> ABOUT THIS TASK:
Here the job is to repeat the listing exactly, but not the pictures in it.

START RAW DATA

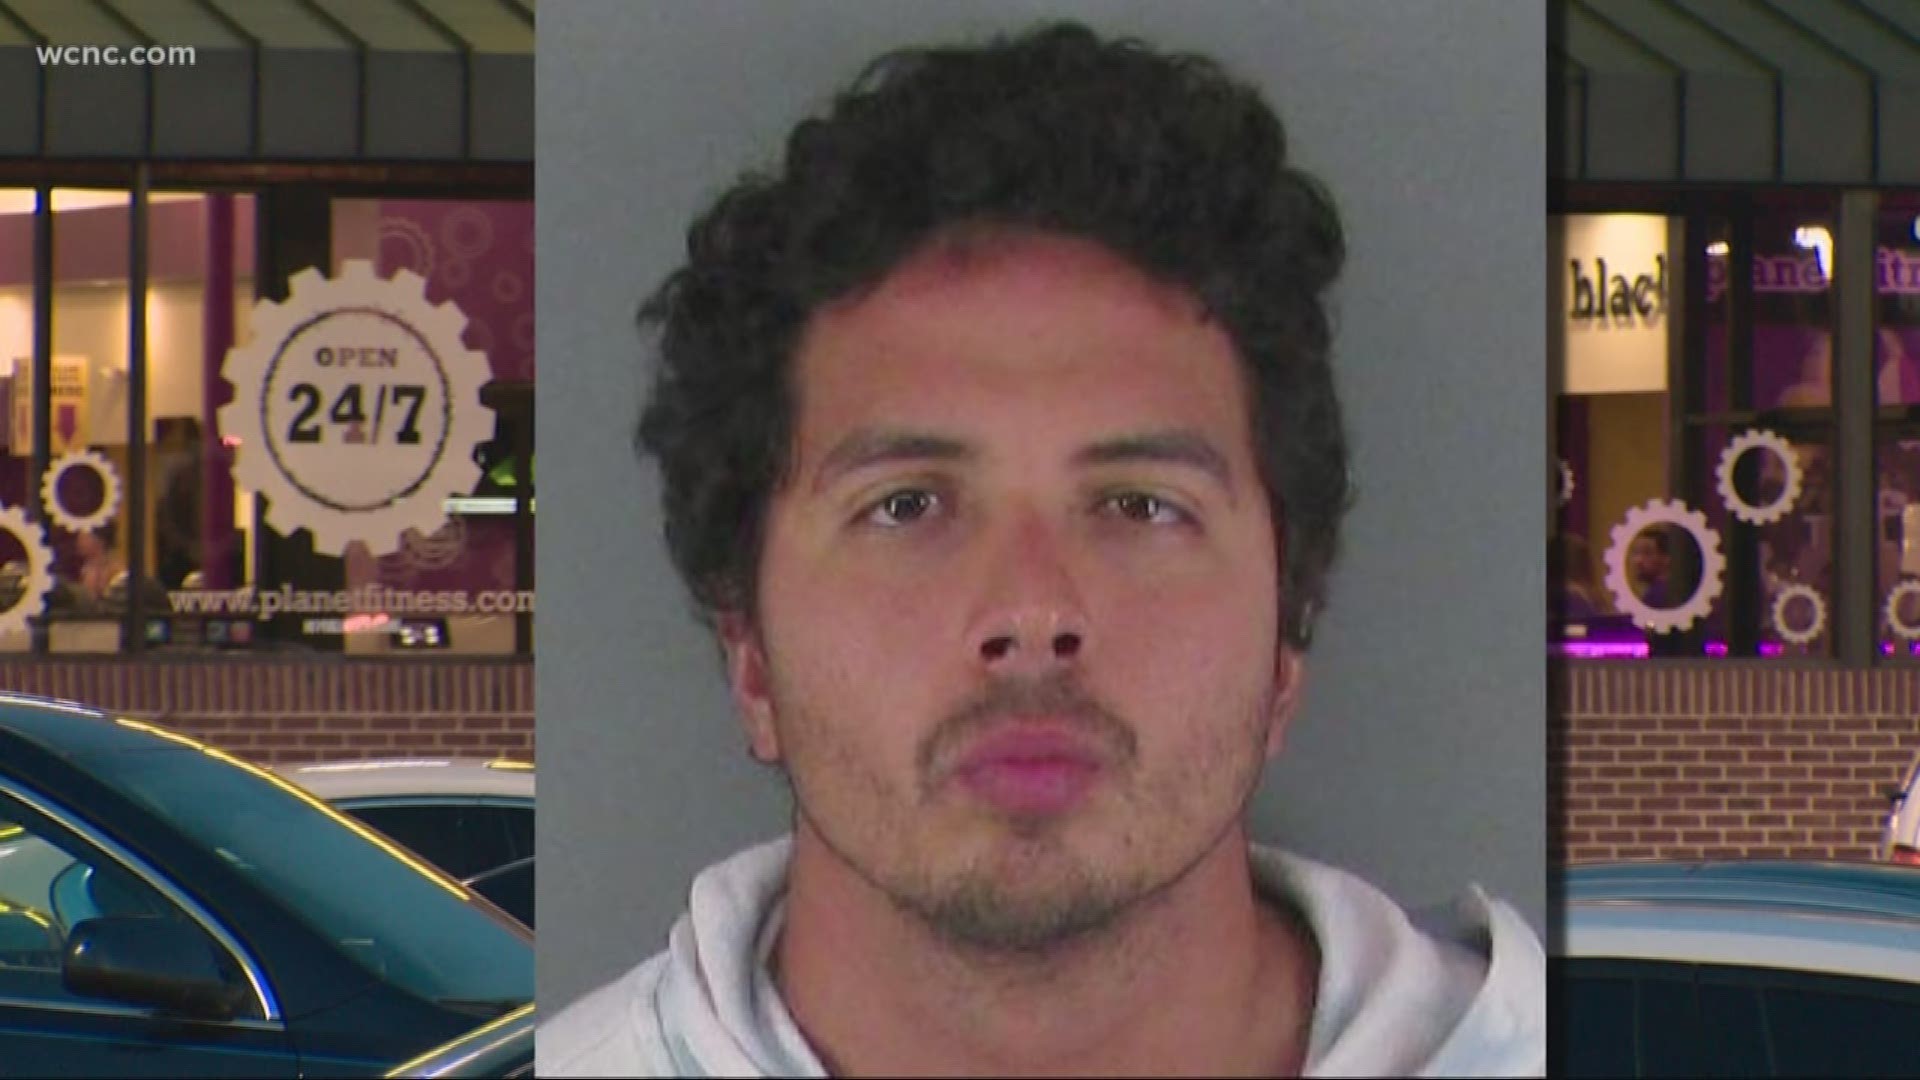 Man accused of trying to strangle woman outside popular gym
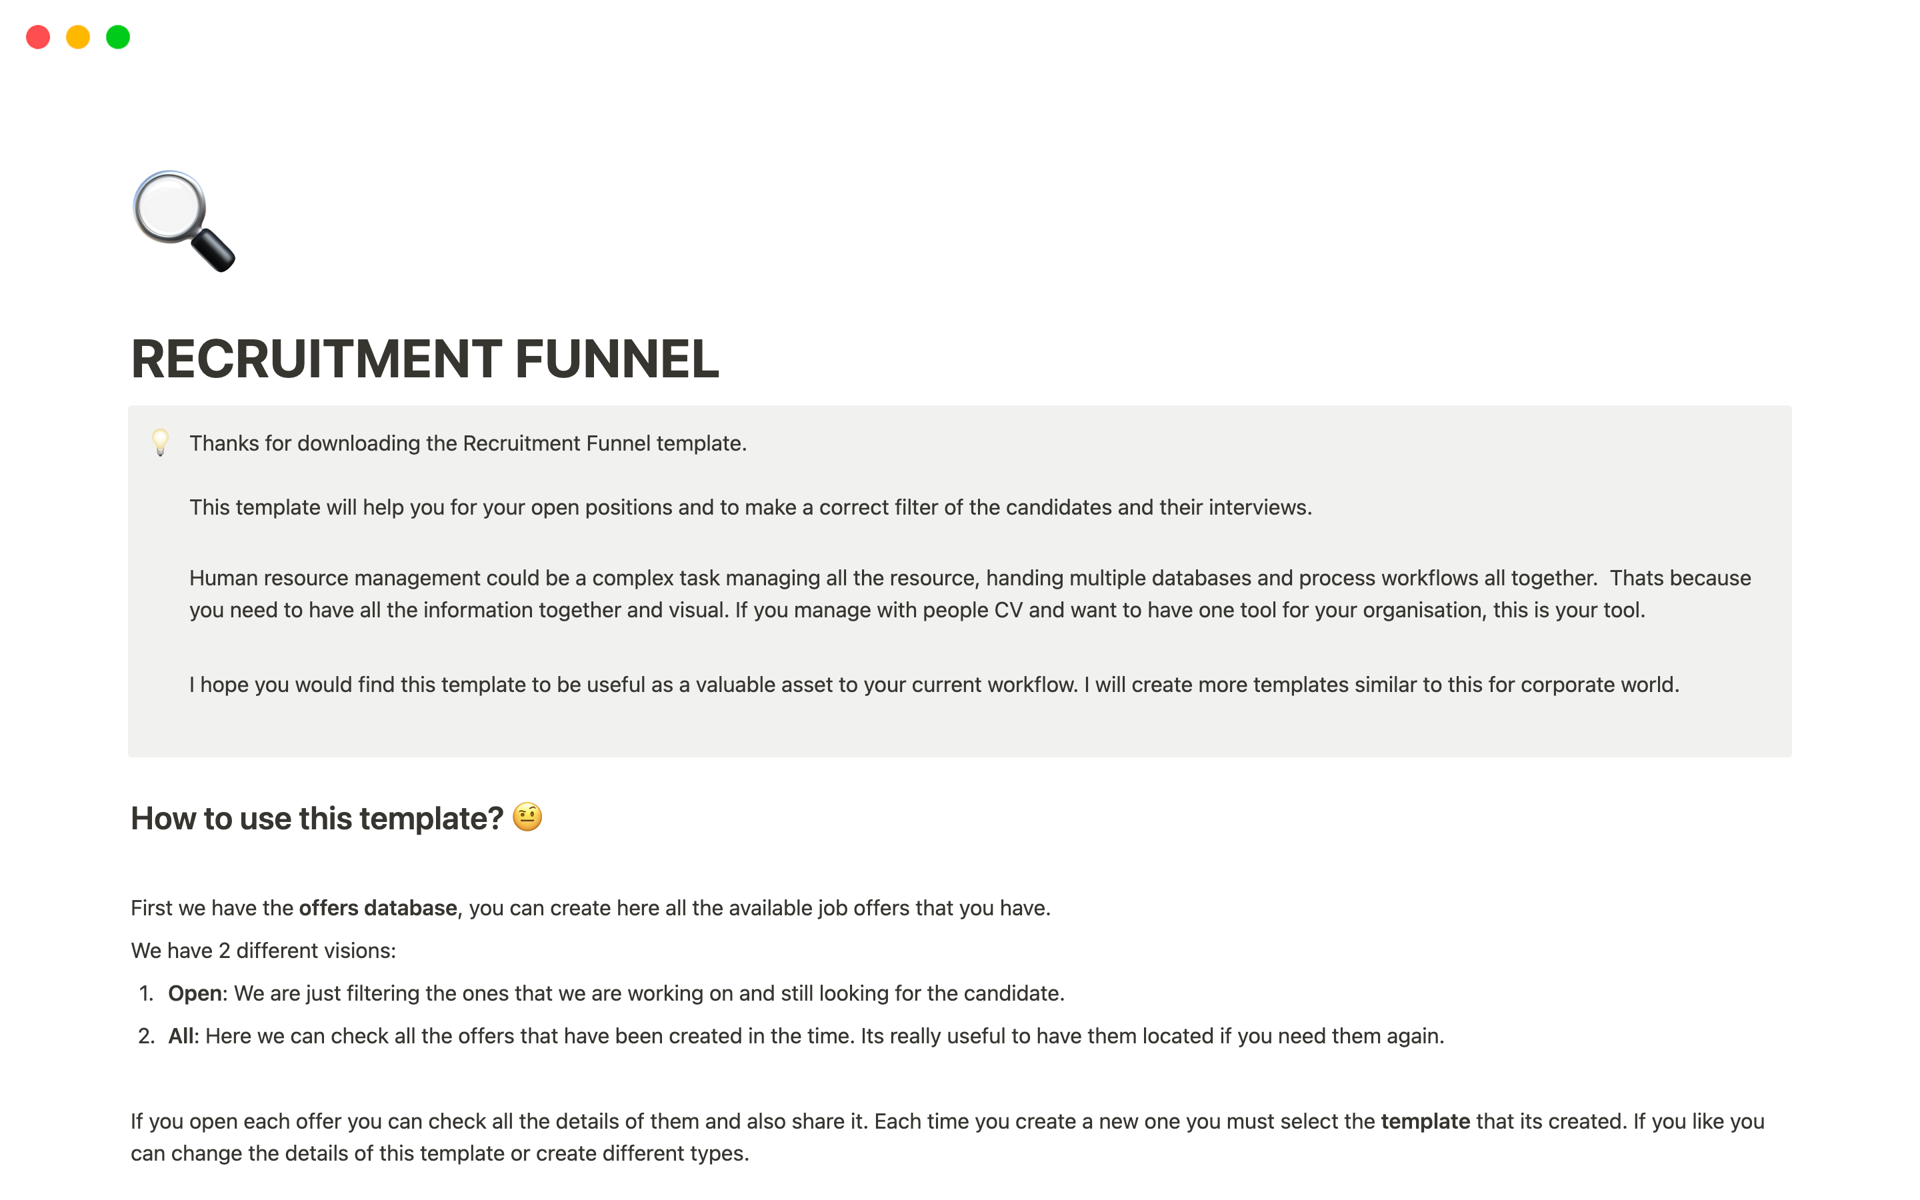 A template preview for RECRUITMENT FUNNEL
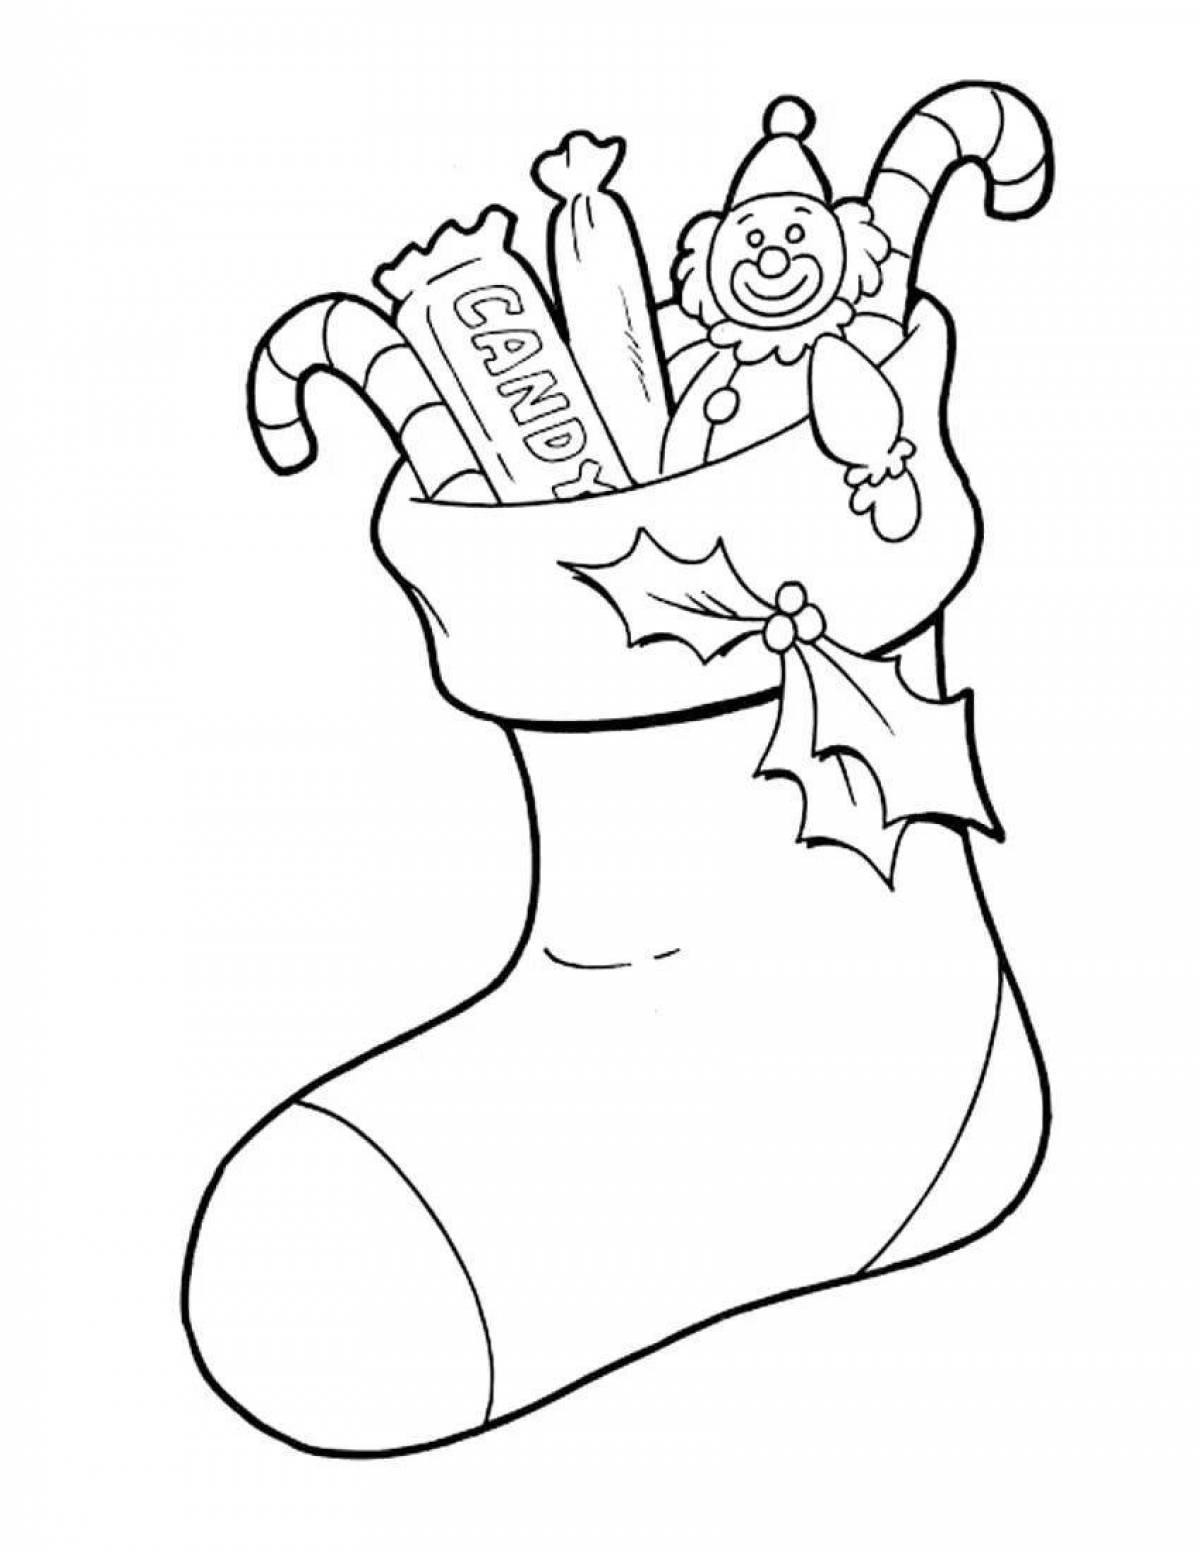 Christmas boot with ornaments coloring page
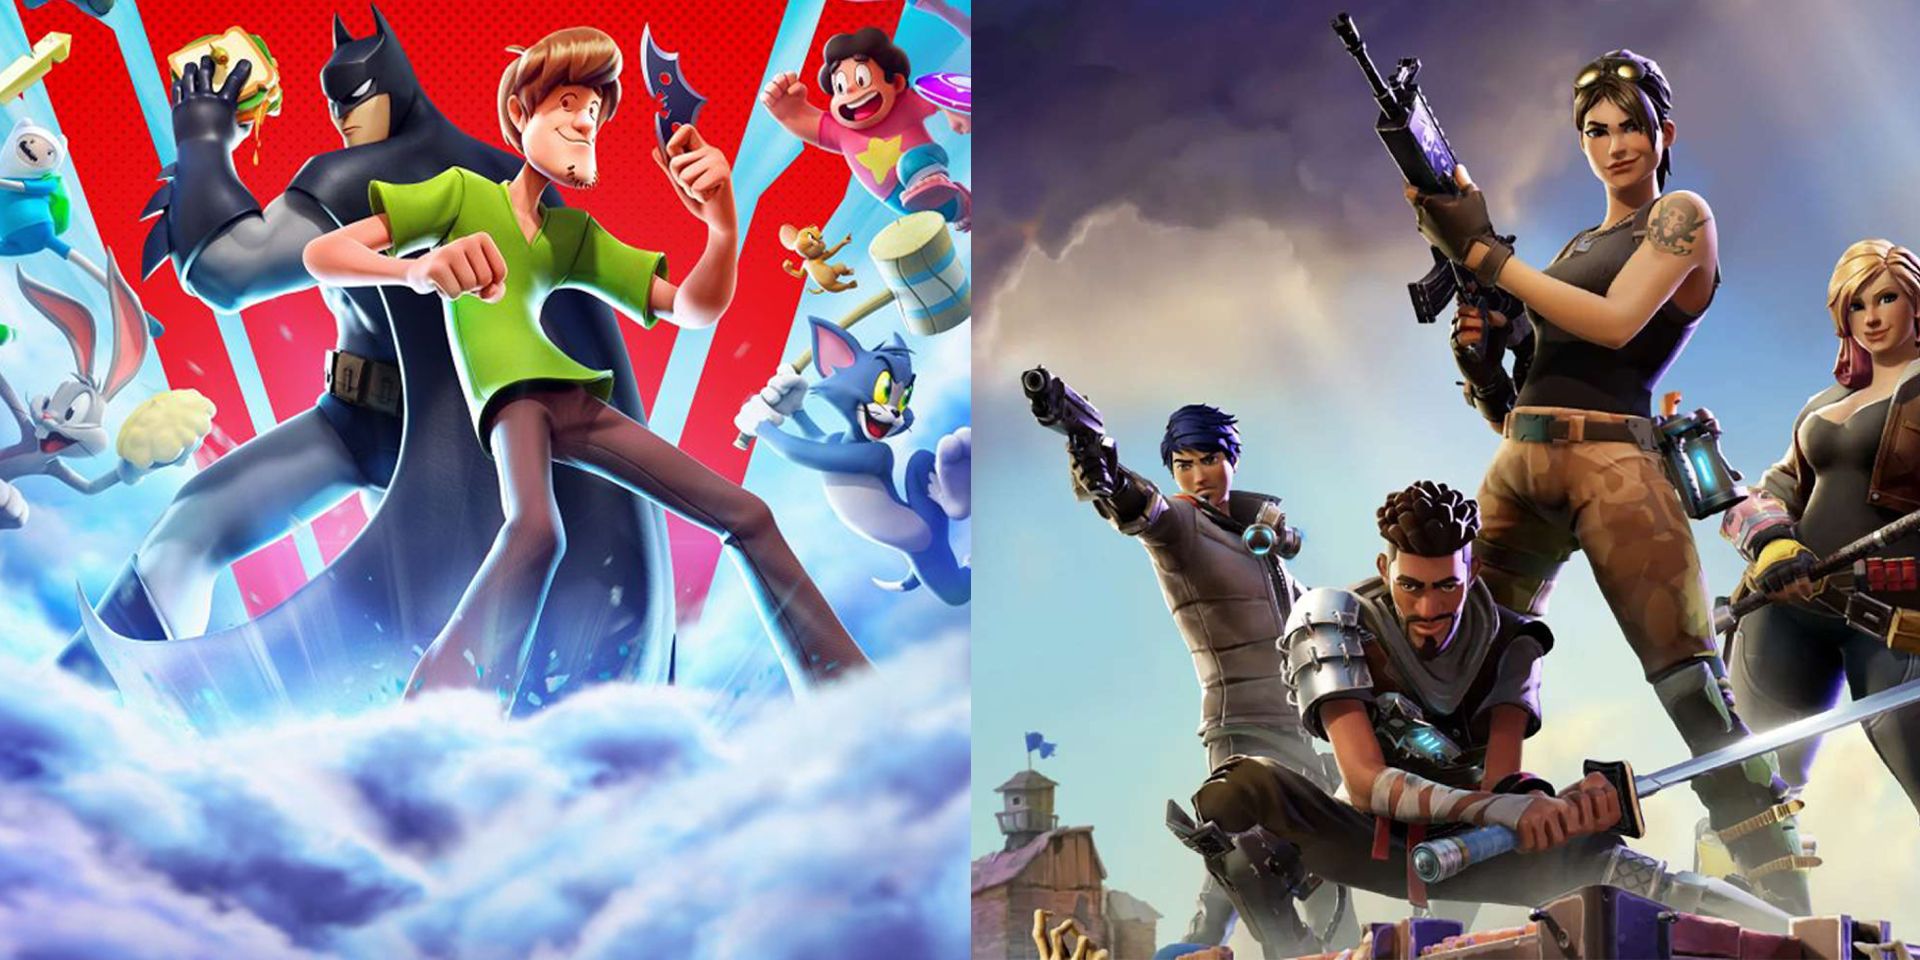 A split image of promo art for MultiVersus and for Fortnite

END RAW DATA

> WRITTEN ANSWER:
 Man accused of trying to strangle woman outside popular gym
 A template preview for RECRUITMENT FUNNEL
 Christmas boot with ornaments coloring page
 A split image of promo art for MultiVersus and for Fortnite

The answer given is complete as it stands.